(INPUT DATA begins)

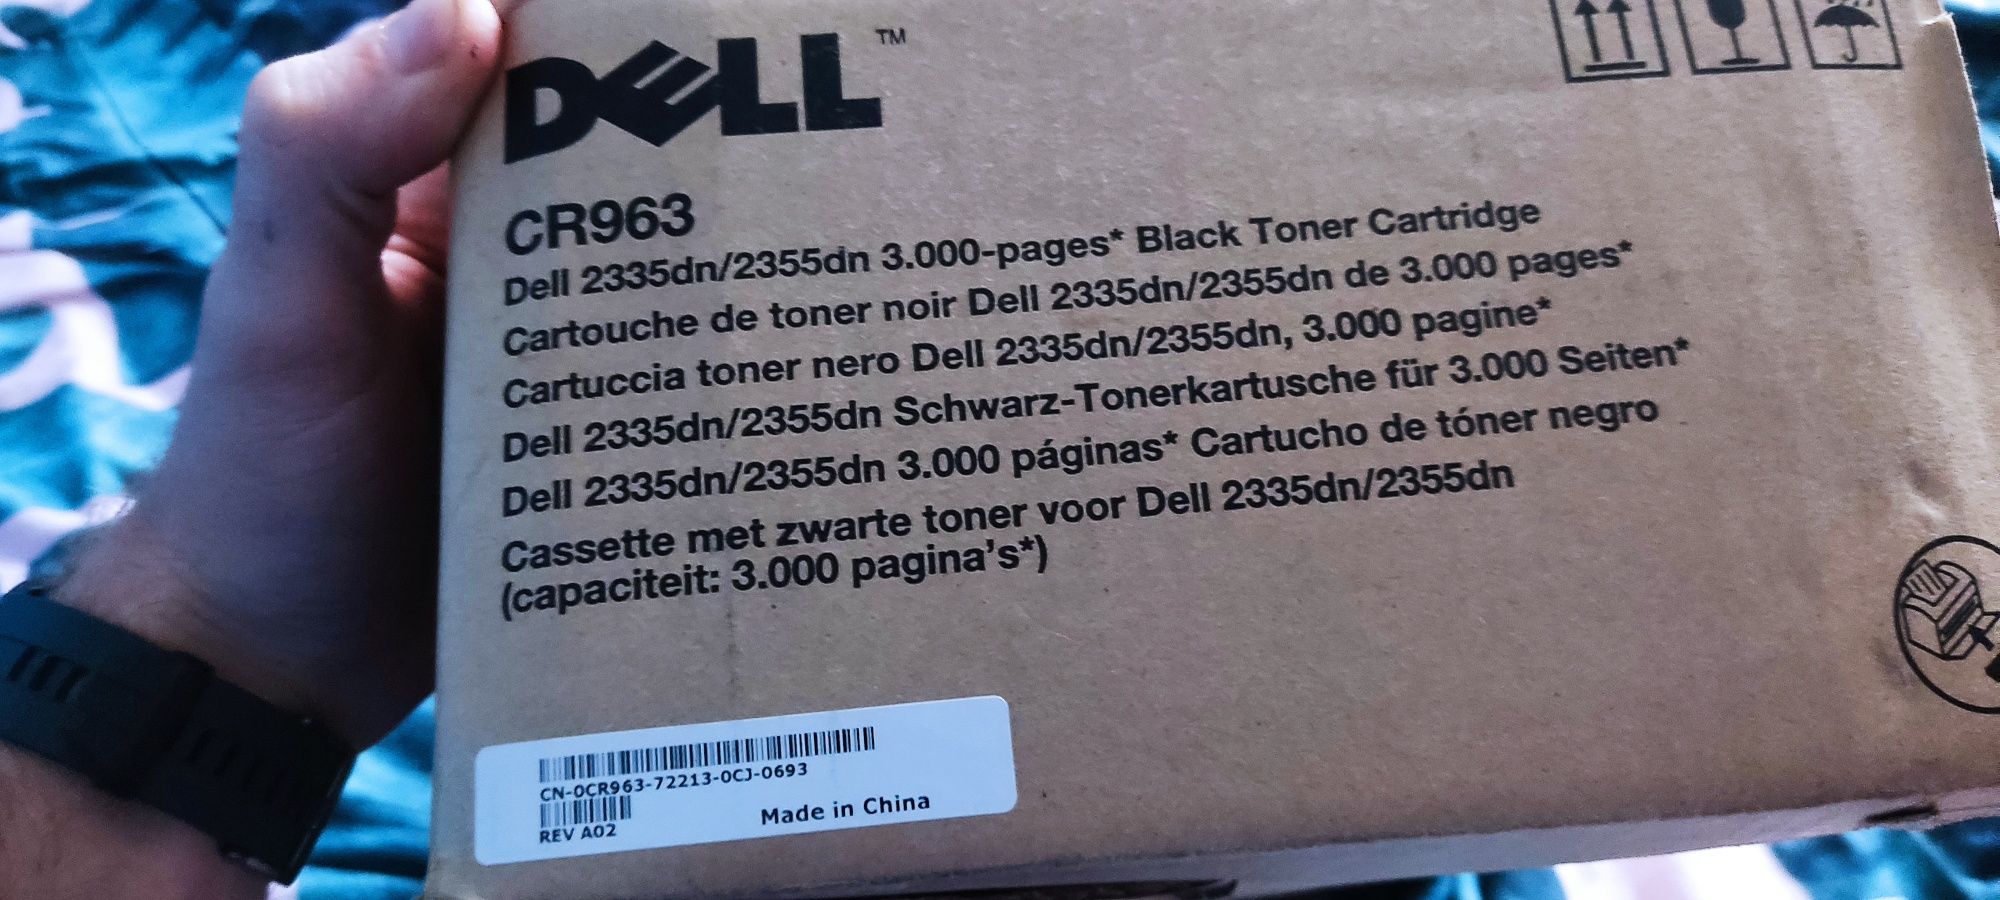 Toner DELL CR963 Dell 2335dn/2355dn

(INPUT DATA ends)
(INPUT DATA begins)

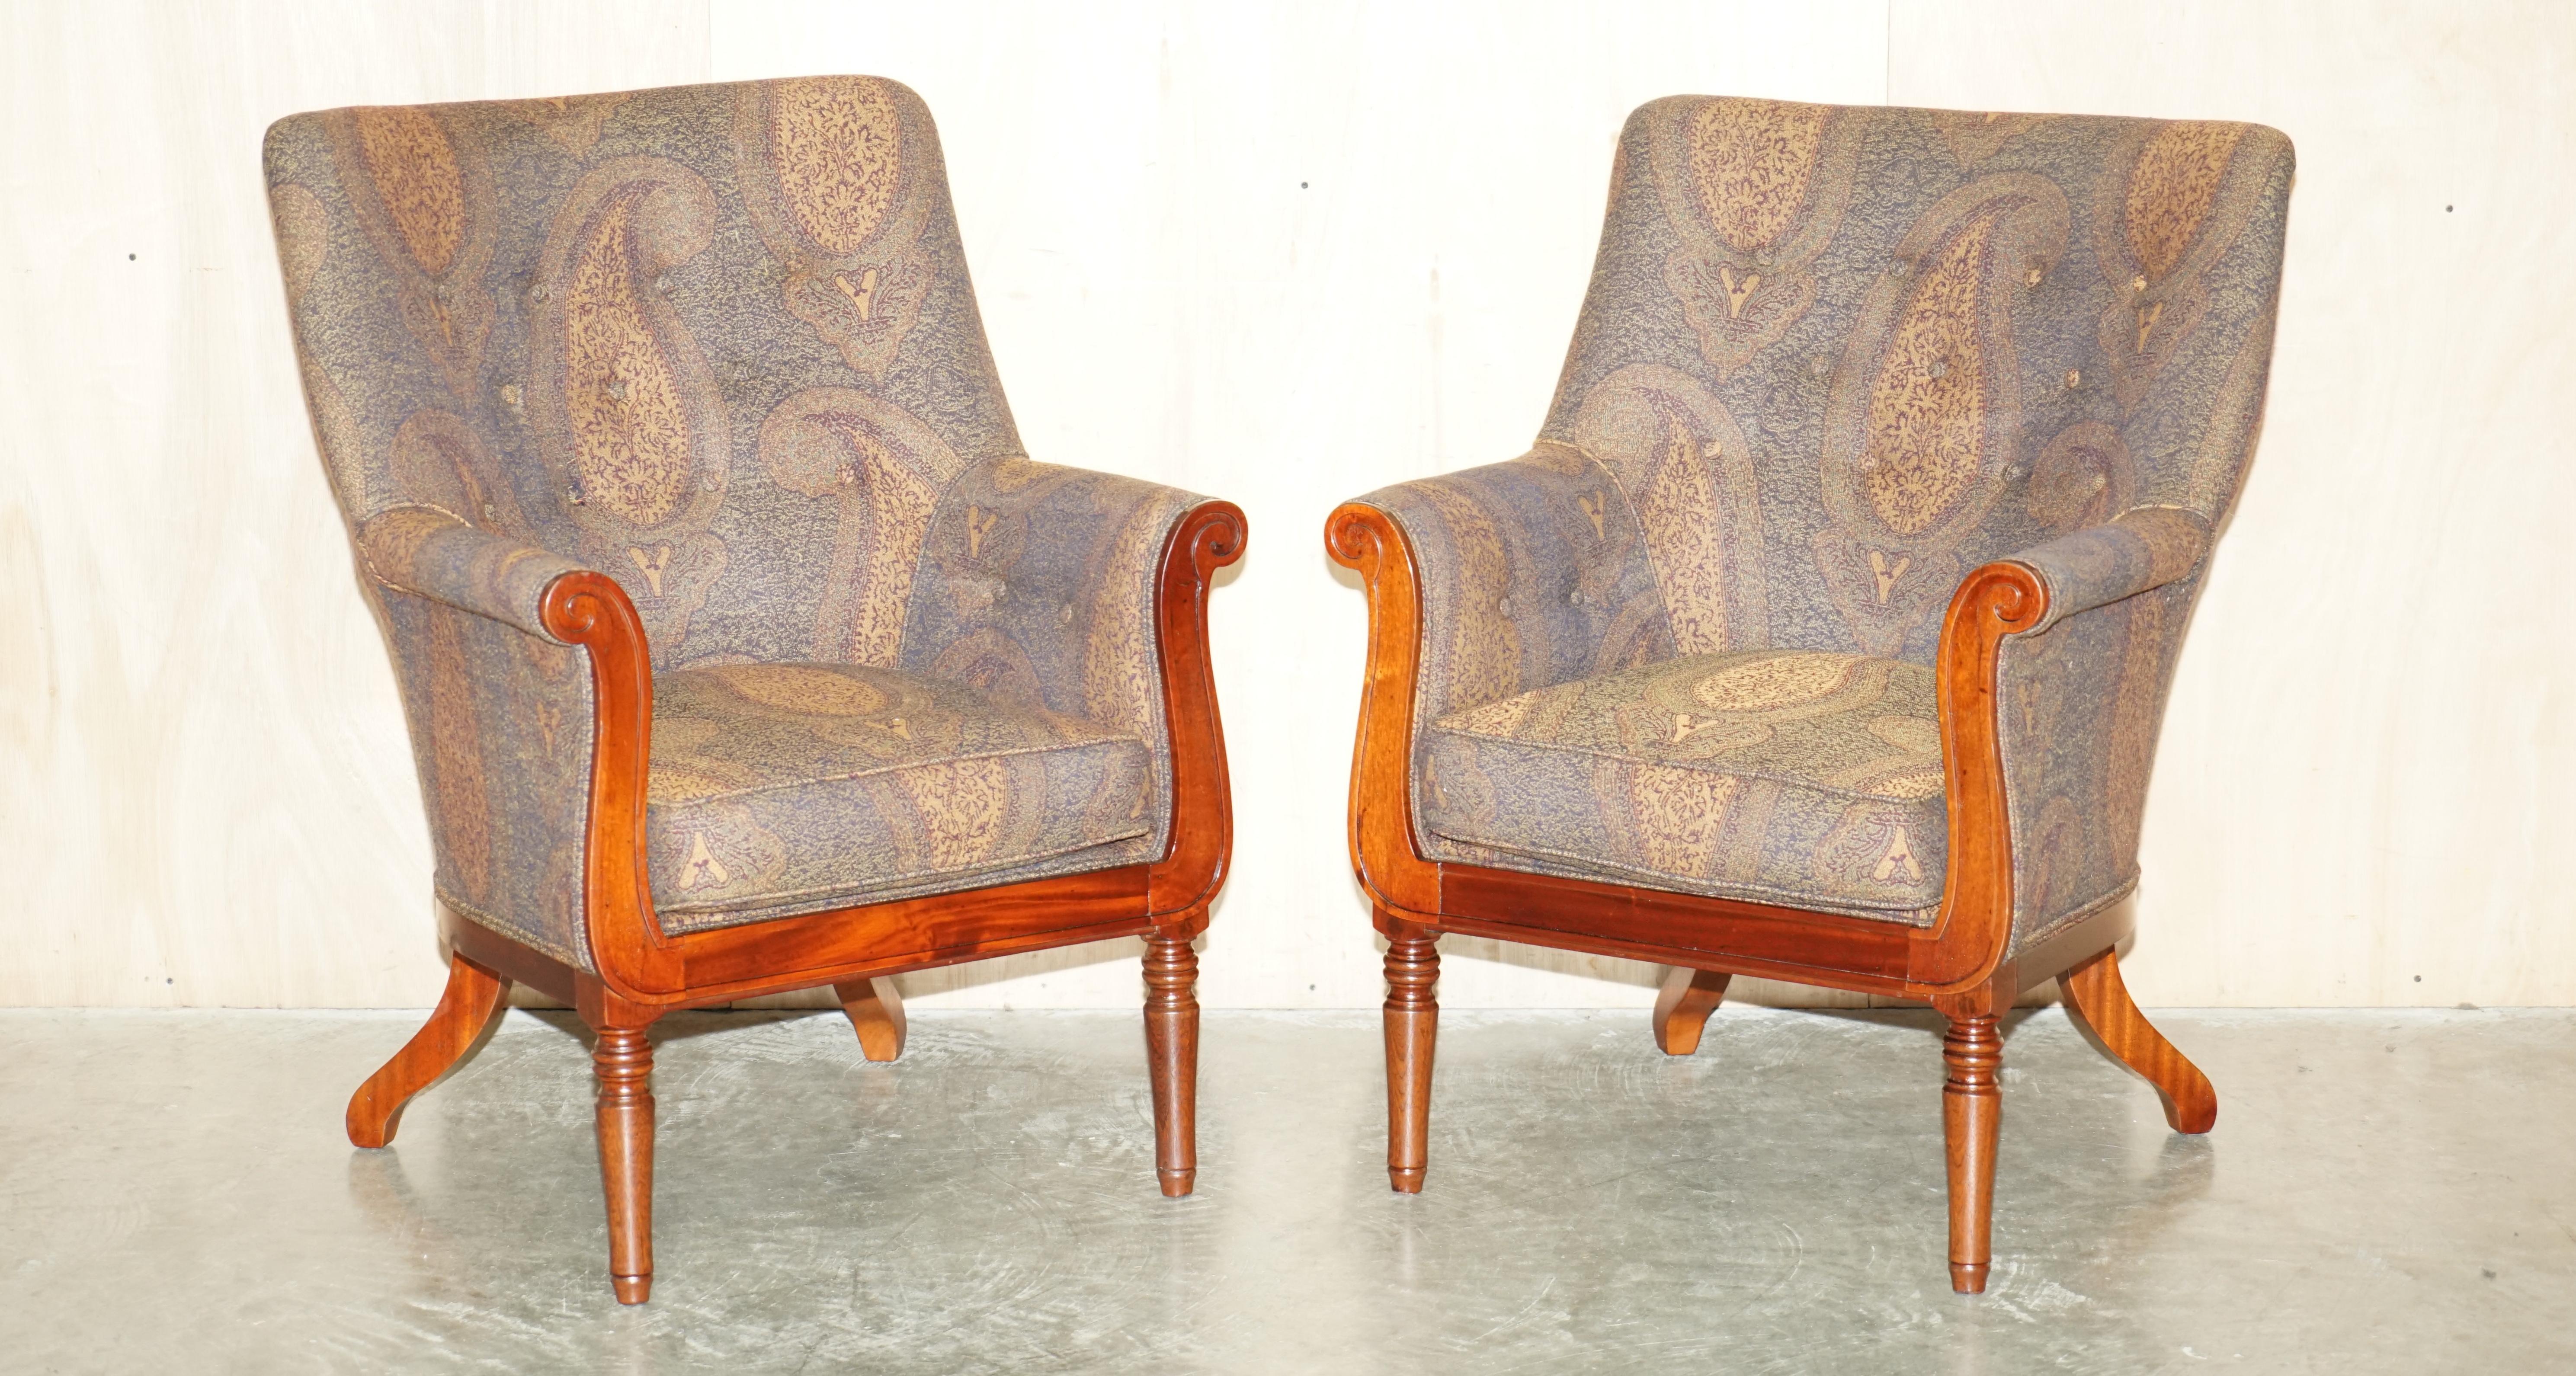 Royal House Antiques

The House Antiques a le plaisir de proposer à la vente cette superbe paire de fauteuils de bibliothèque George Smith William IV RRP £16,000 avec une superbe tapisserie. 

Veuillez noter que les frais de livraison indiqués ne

(INPUT DATA ends)
(INPUT DATA begins)

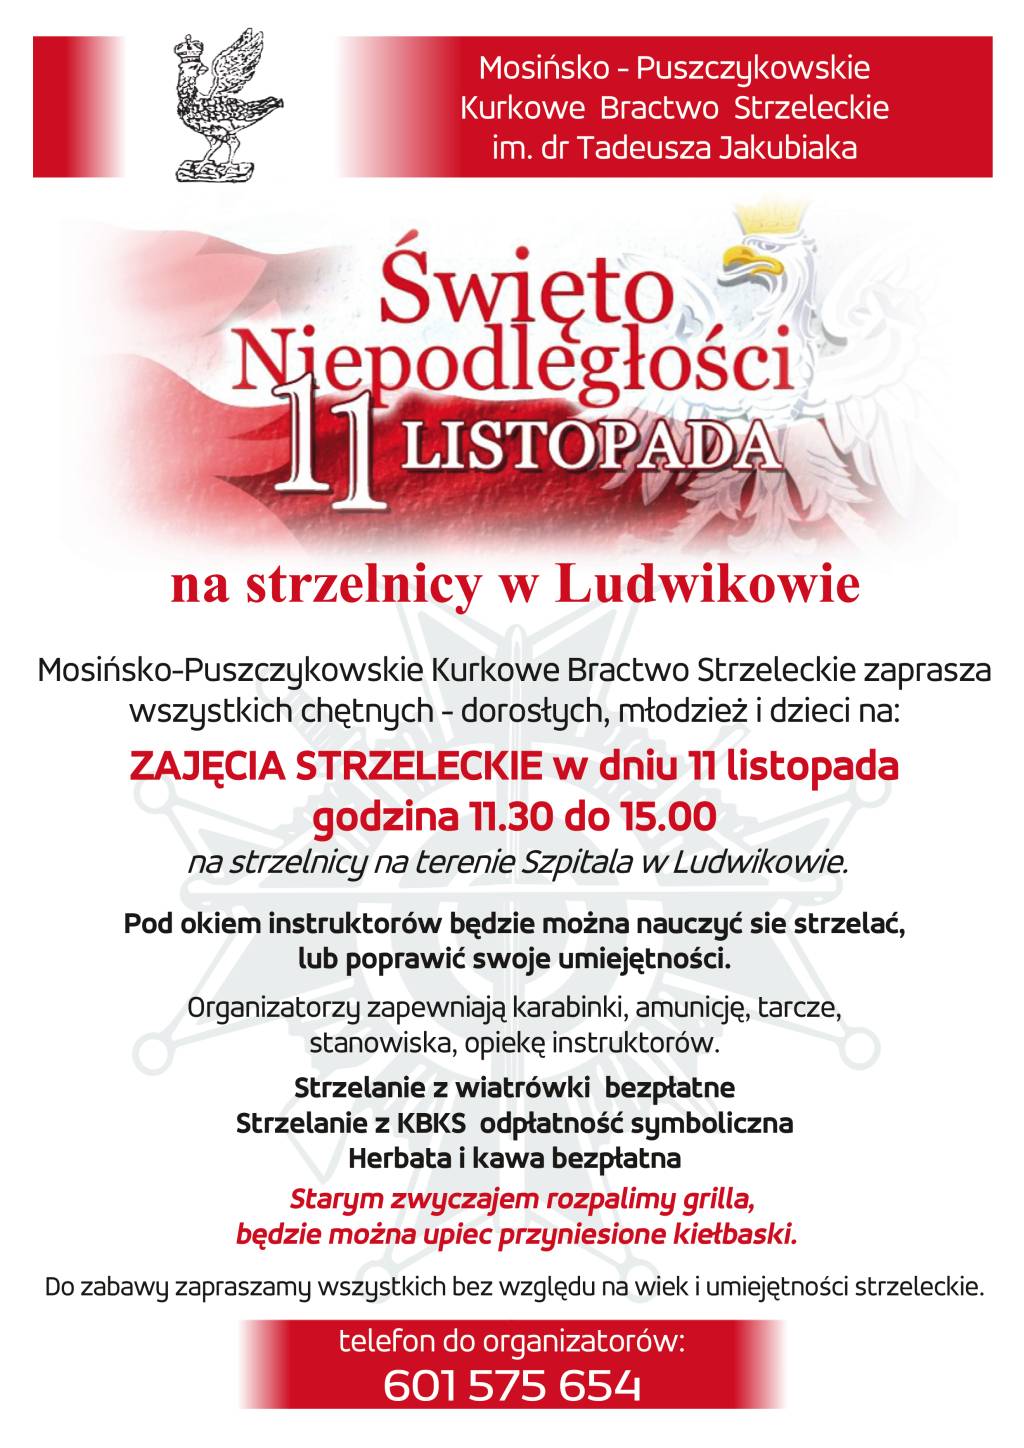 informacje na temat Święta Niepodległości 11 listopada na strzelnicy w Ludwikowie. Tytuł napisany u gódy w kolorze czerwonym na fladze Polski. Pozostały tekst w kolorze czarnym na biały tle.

(INPUT DATA ends)

PROMPT: Among the lines above, repeat exactly those from the line with "The House Antiques" to the line with "Veuillez noter que", counting both ends.

RESULT FOR THIS TASK:
The House Antiques a le plaisir de proposer à la vente cette superbe paire de fauteuils de bibliothèque George Smith William IV RRP £16,000 avec une superbe tapisserie. 

Veuillez noter que les frais de livraison indiqués ne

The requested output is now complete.